**What to do**. Output the line that contains "A security camera" together with each line after it, through the final line of the listing below, word for word; omit pictures.

**Data**.
※ ※ ※
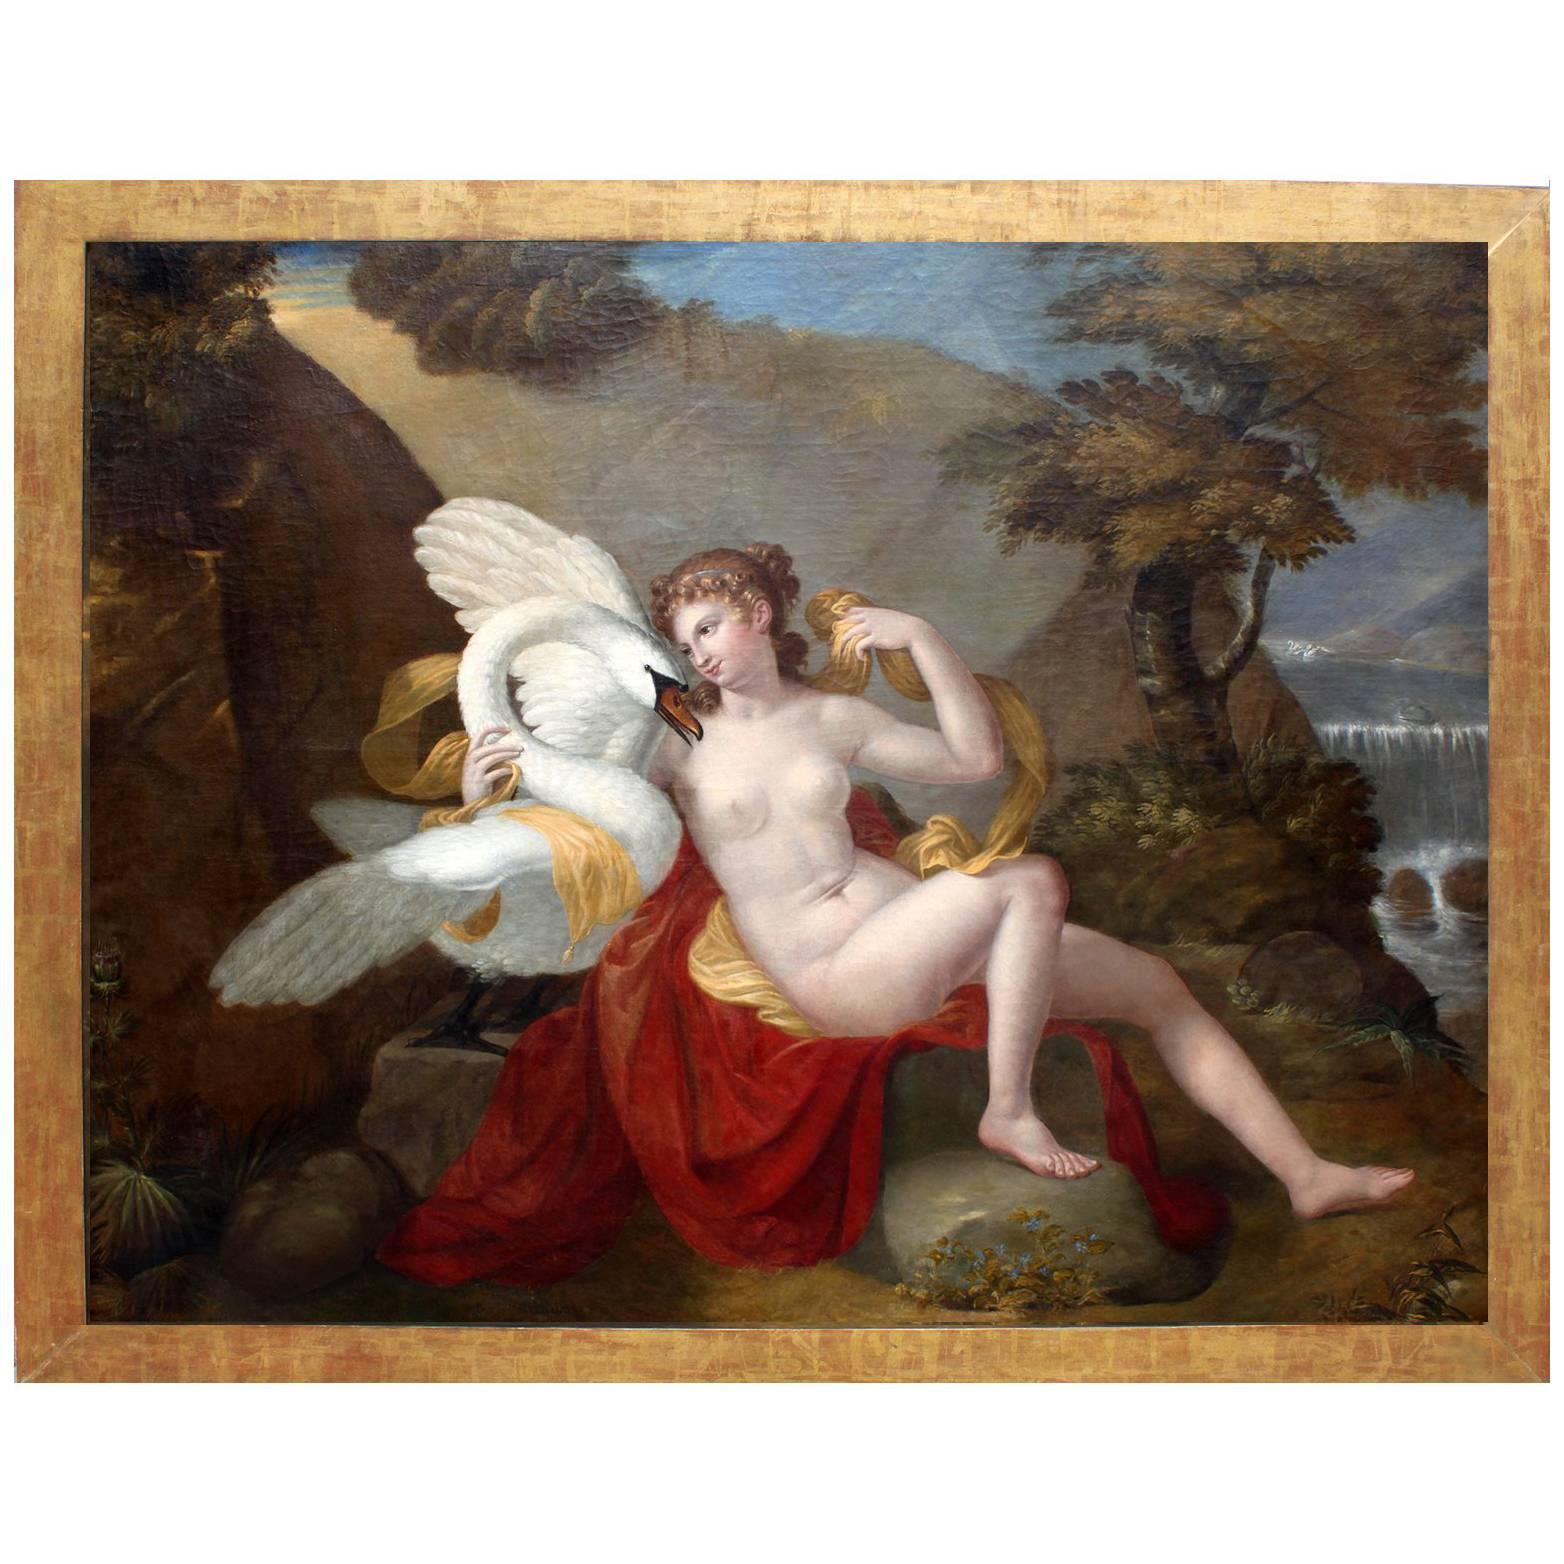 French 19th Century Old Master School Oil on Canvas Titled "Leda and The Swan"
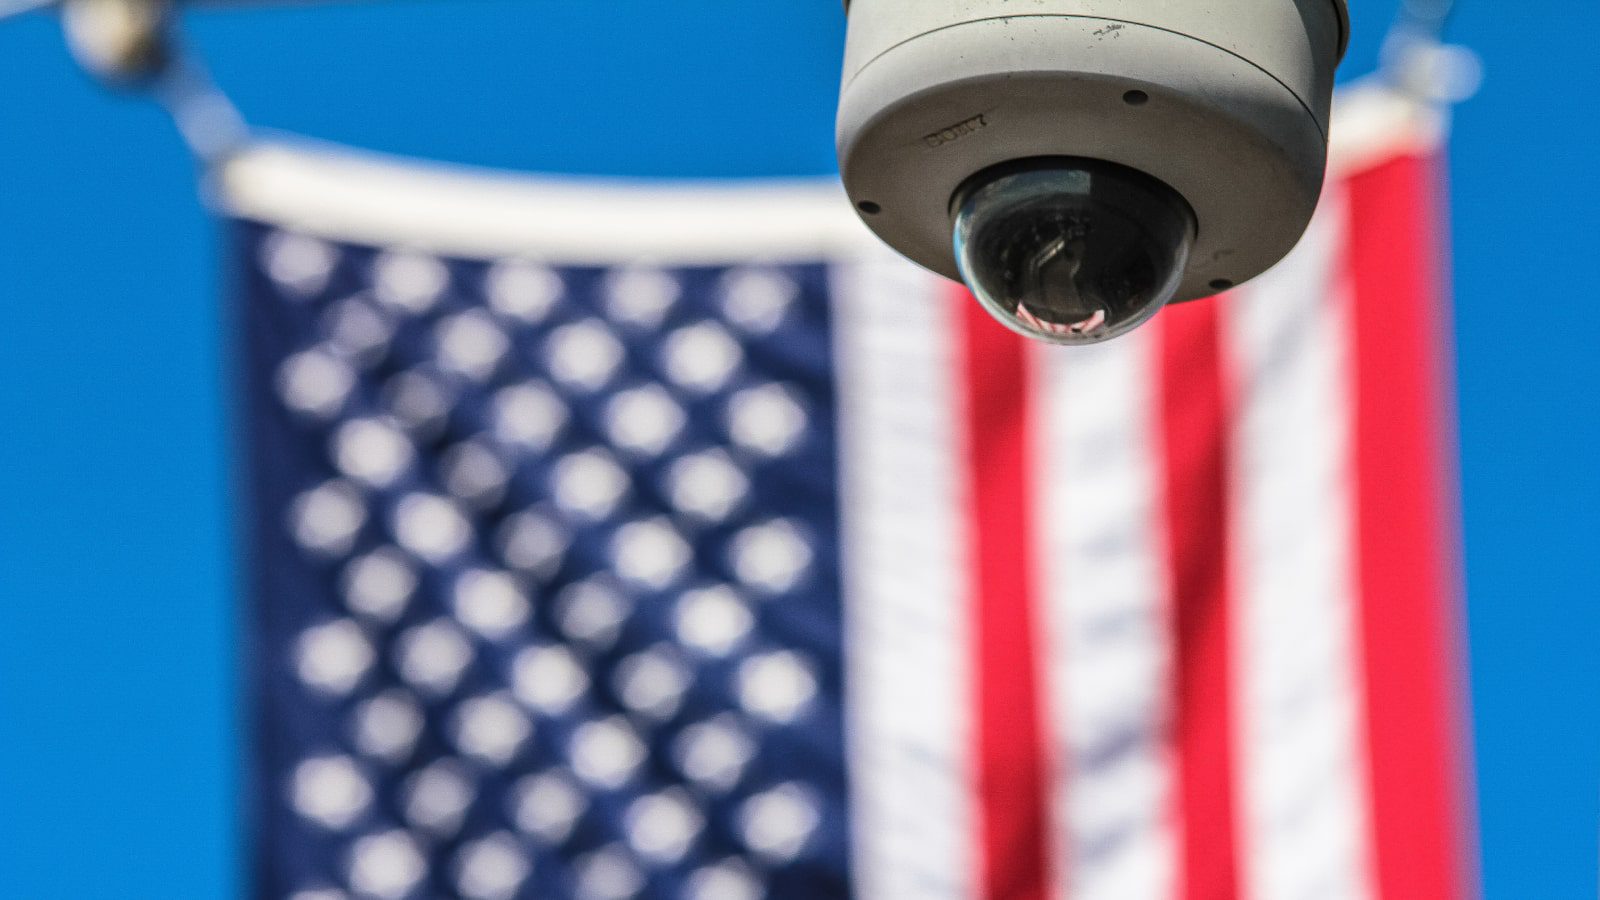 A security camera in front of an American flag.
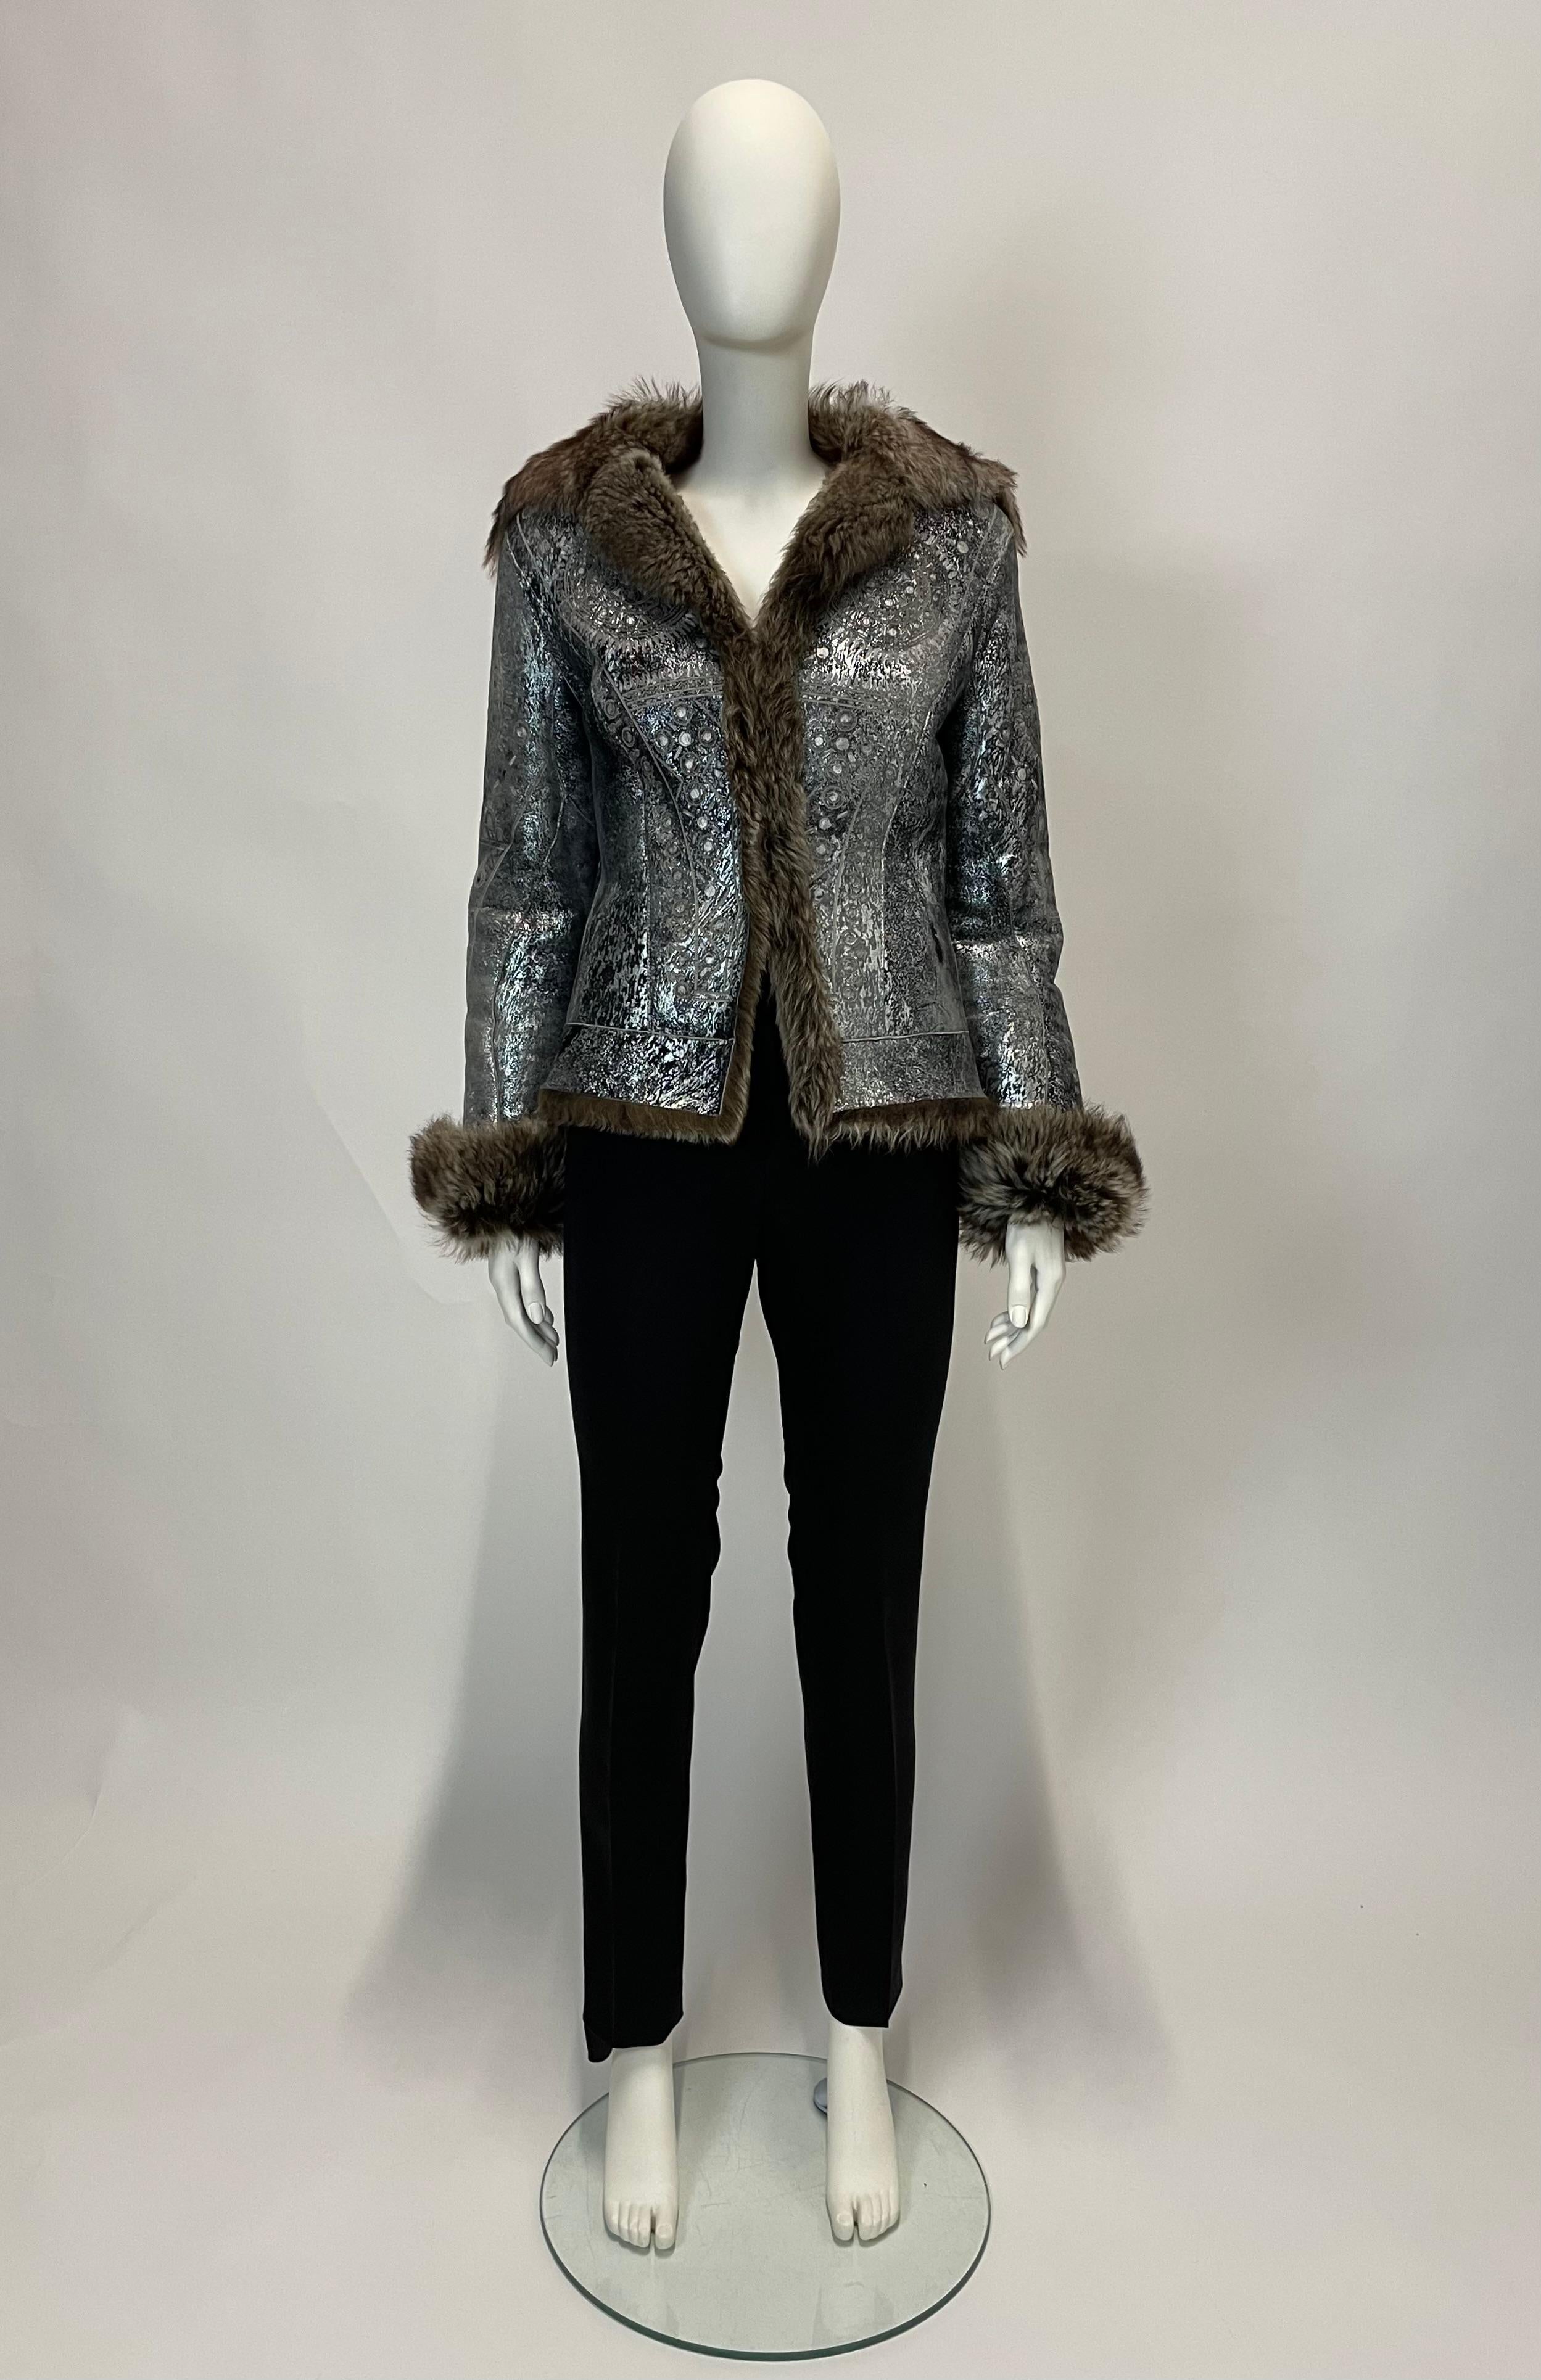 Warm and comfortable, a beautiful shearling jacket is a forever piece but that doesn't mean it can't have personality. This one by Cavalli's has a bohemian feel. It's made from shearling and contrasting leather reverse. Unlined. Labeled a size Small
※ ※ ※
**Response area**.
 A security camera in front of an American flag.
 Warm and comfortable, a beautiful shearling jacket is a forever piece but that doesn't mean it can't have personality. This one by Cavalli's has a bohemian feel. It's made from shearling and contrasting leather reverse. Unlined. Labeled a size Small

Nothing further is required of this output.